▸ SUPPLIED MATERIAL:

● ● ● ● ● ● ●

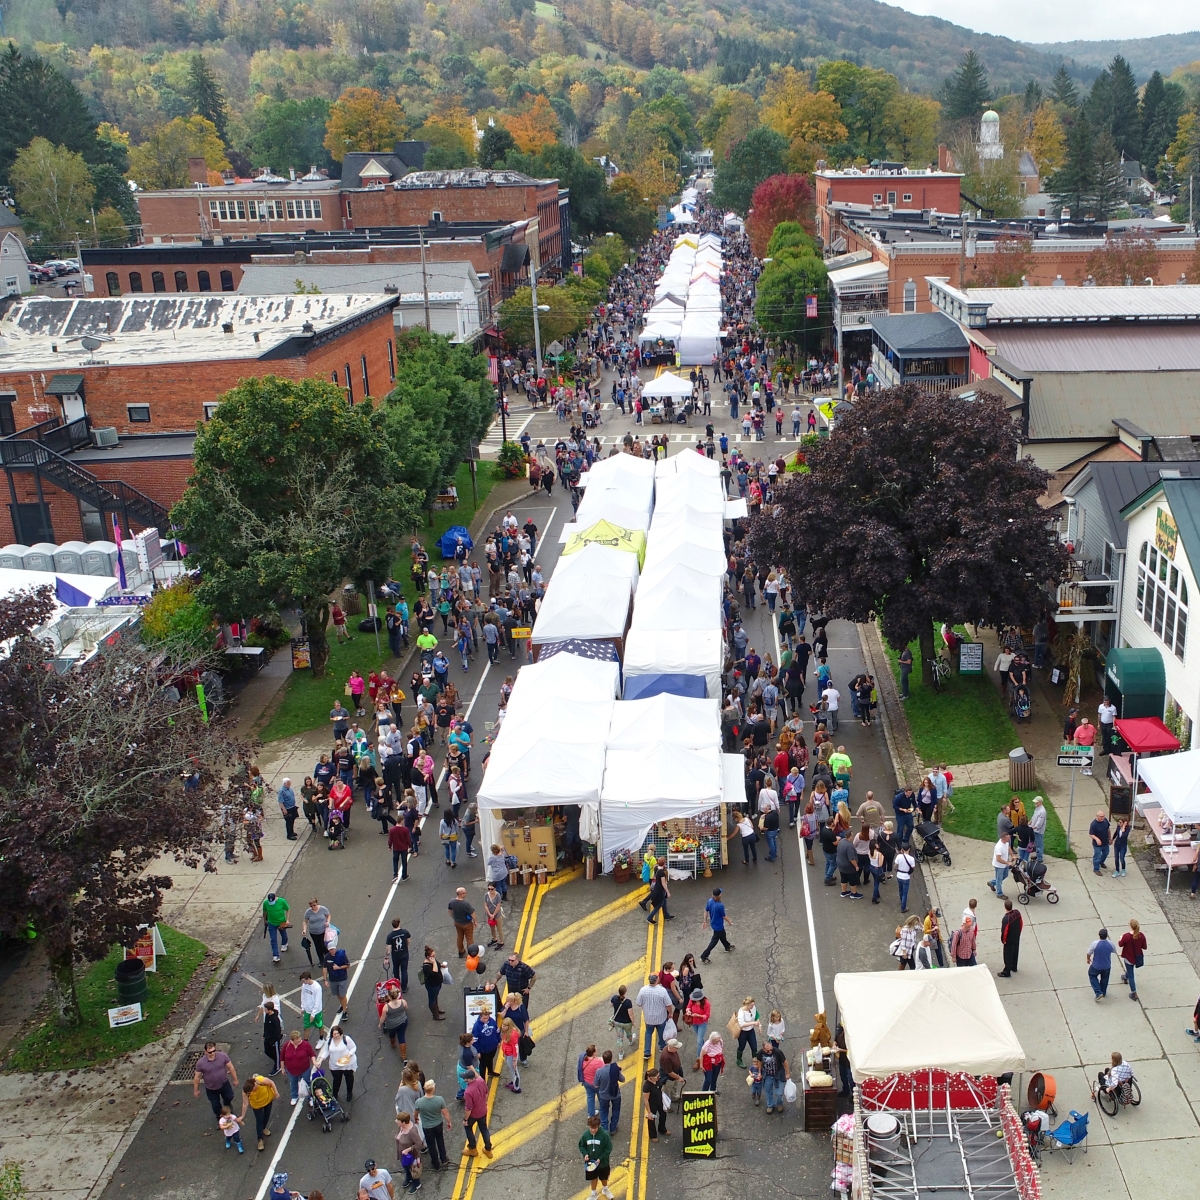 Aerial view looking West from the East side of Ellicottville during Ellicottville's Fall Festival (2018)
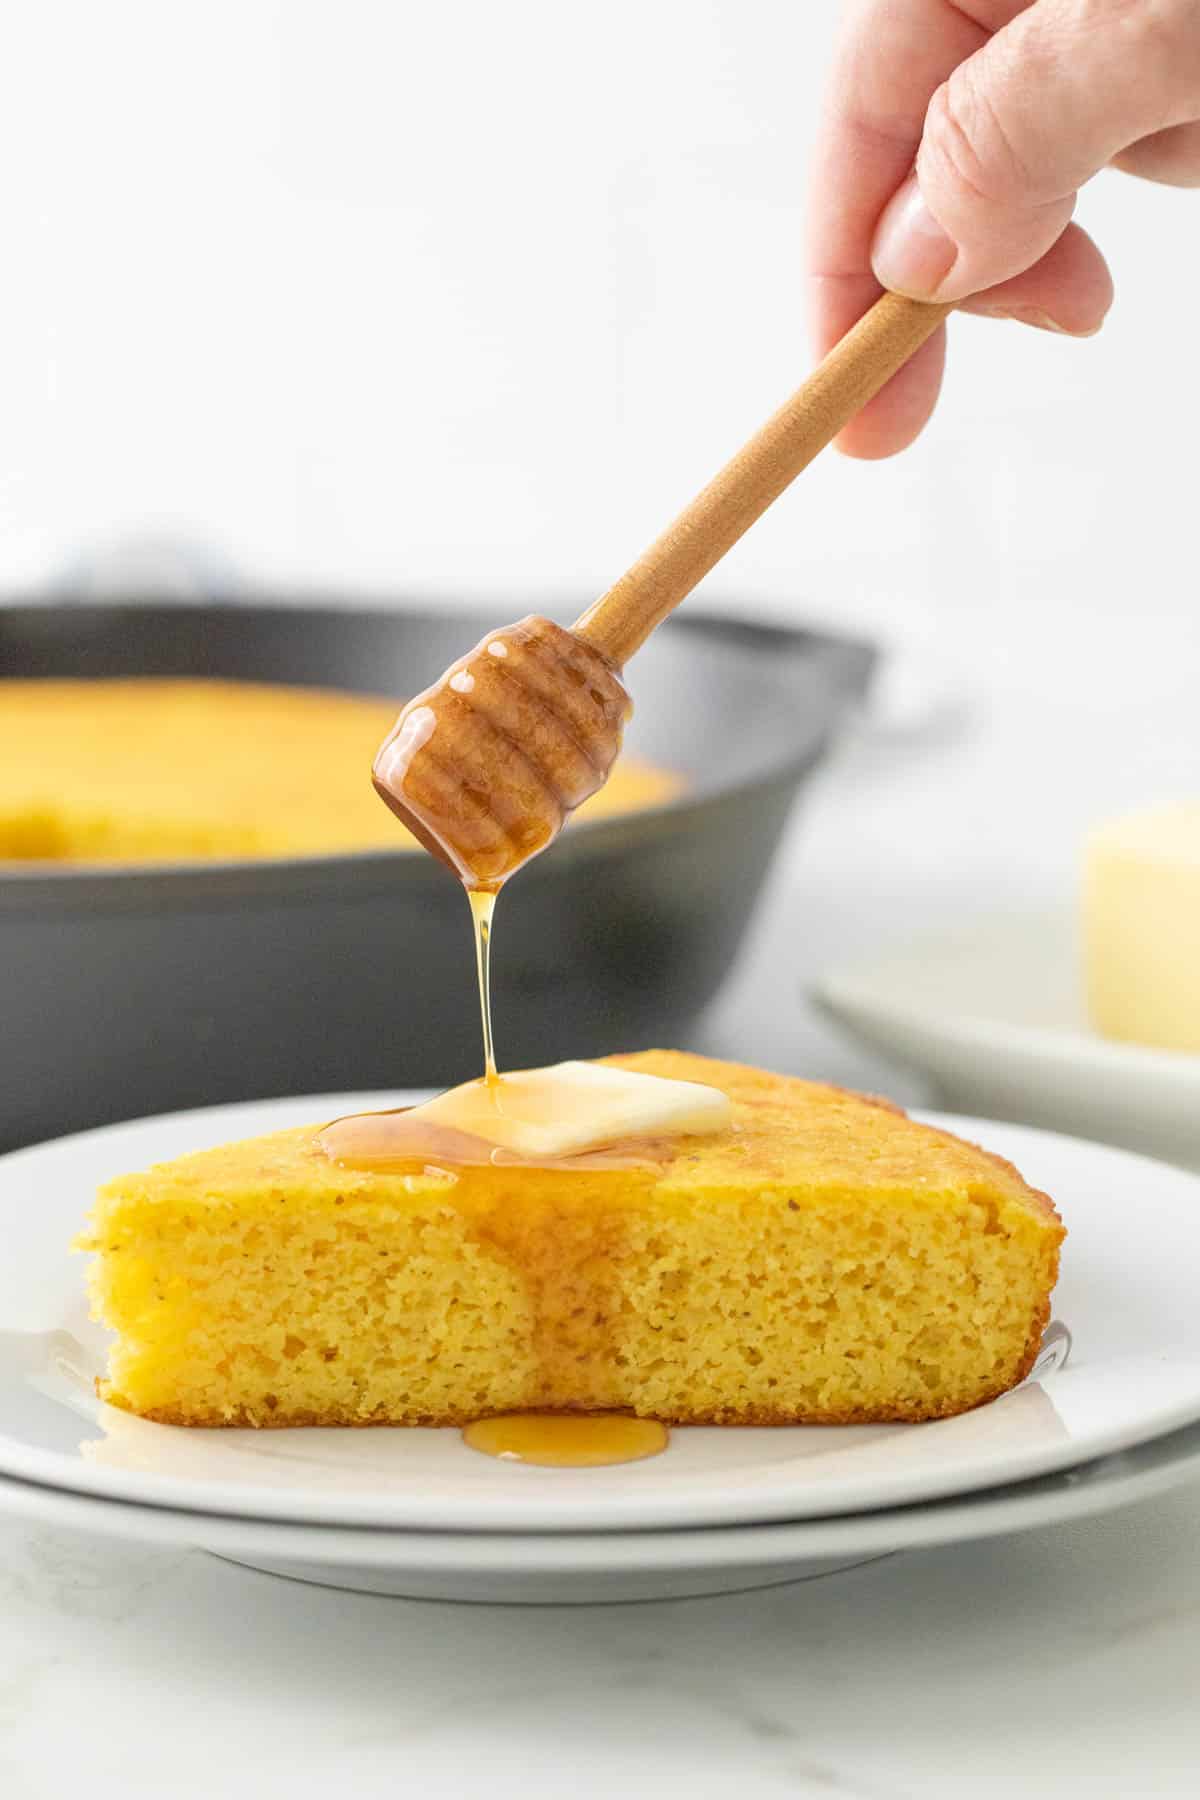 A honey dipper being held over a slice of cornbread, drizzling honey over the cornbread.
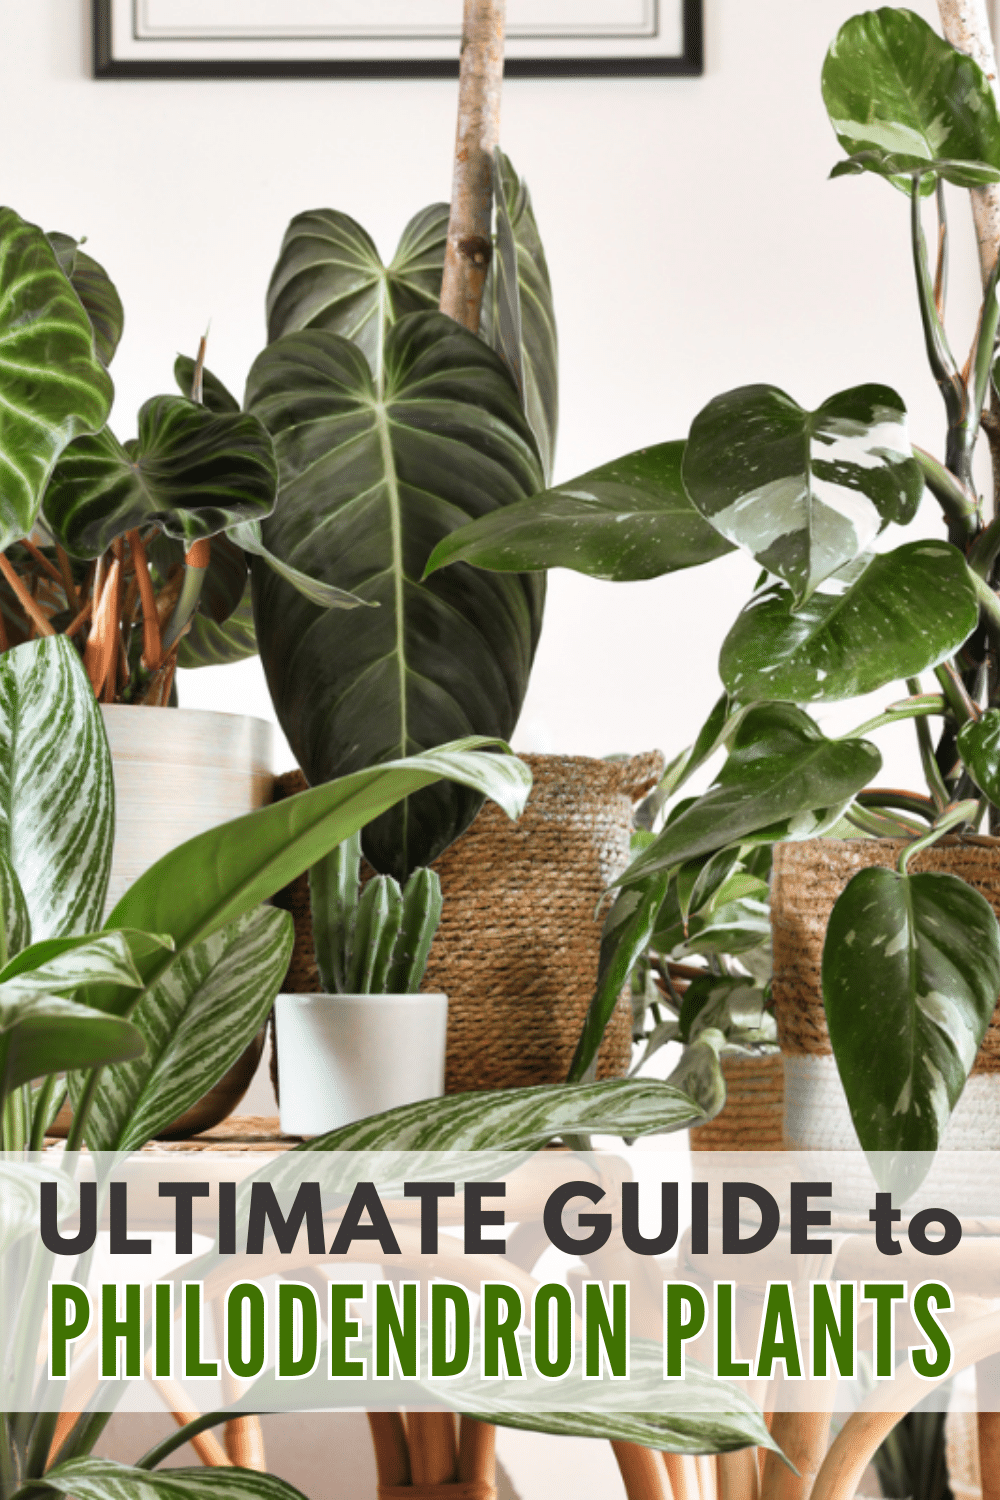 The ultimate guide to different types of philodendron in Philadelphia.

● ● ● ● ● ● ●

▸ THE TASK: Your output should be the lines from the one with "A honey dipper" through the end of the listing, copied exactly and with the pictures left out.

▸ SOLUTION FOR THIS PROBLEM:
 A honey dipper being held over a slice of cornbread, drizzling honey over the cornbread.
 The ultimate guide to different types of philodendron in Philadelphia.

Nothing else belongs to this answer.